Friday, October 01, 2004

 

what do you want on a trashcan

i'm sleeping at 6:30 in the evening and the phone rings. it's jenny. i wrote her a letter telling her i'm leaving. and, i don't know, i supppose she doesn't want me to leave. she asked me why; i told her i'm sick of being alone being a foreigner. she asked other questions. where are you going when are you leaving what about your apartment. i don't know she never tells me anything about what she's feeling. if she were with me, i would stay. i would then have someone to share with which to share with which to share. with whom to share. and, lying there, i realized. it's not donna or eve or diana or anyone else i want it's jenny. it's not china, it's the fact that jenny isn't with me. i wrote her a letter from kunming and said "i can't wait to see you." she mistakenly thought i was saying goodbye. she wrote back: why? why? it's the only clue i have that my feelings are returned.

so what do i do? do i search for her in the middle of the night again? do i try to tell her on the phone? do i go back to the states? will i be any better? am i fucked for life? here's the food.
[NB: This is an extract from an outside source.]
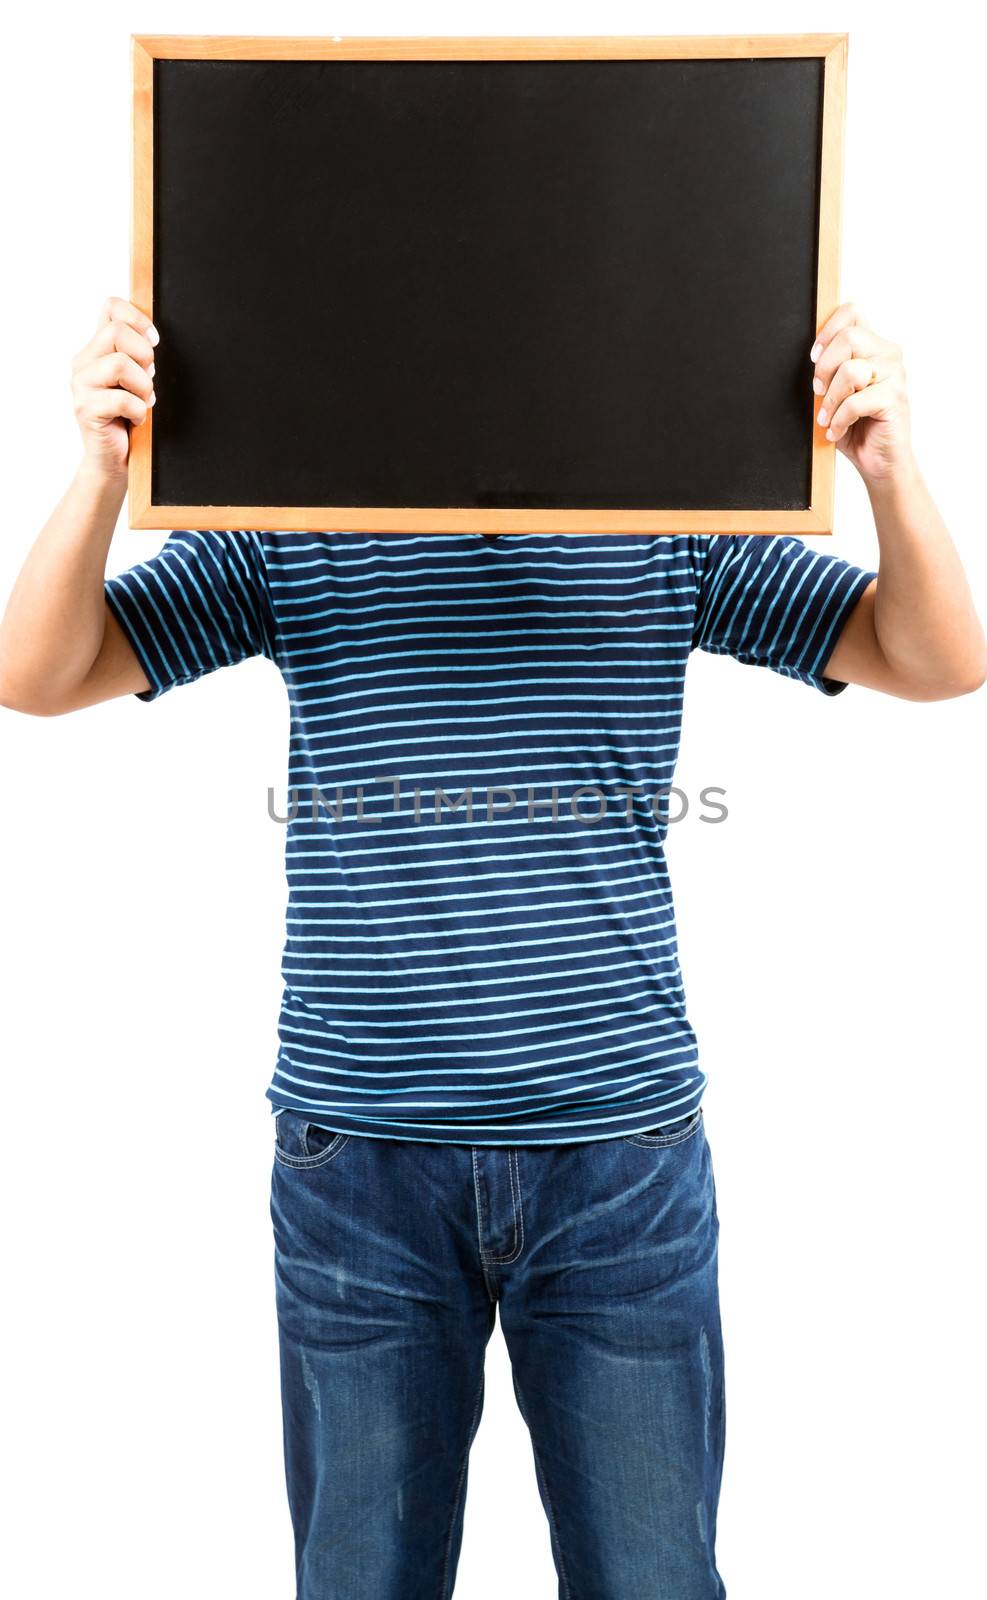 man holding blank blackboard by vichie81

i keep replaying in my head the last scene from an officer and a gentleman. but maybe if i came to her work and tried to carry her off i'd be arrested.

shit, life ain't a movie. it certainly ain't a chick flick. i mean, it would be a stylish move but i gotta think of something original.

what the hell does that mean? what is original anyway? you want the woman, you take the woman. do you want the woman? (splitting personality in 2 for dramatic effect.)

drum roll please . . . i don't know. i guess that means no. huh? i guess that means i go home. i'm standing here writing this on a trashcan. funny what a full stomach can do. clear up your thinking. clear away your thinking. i'm gonna go do internet.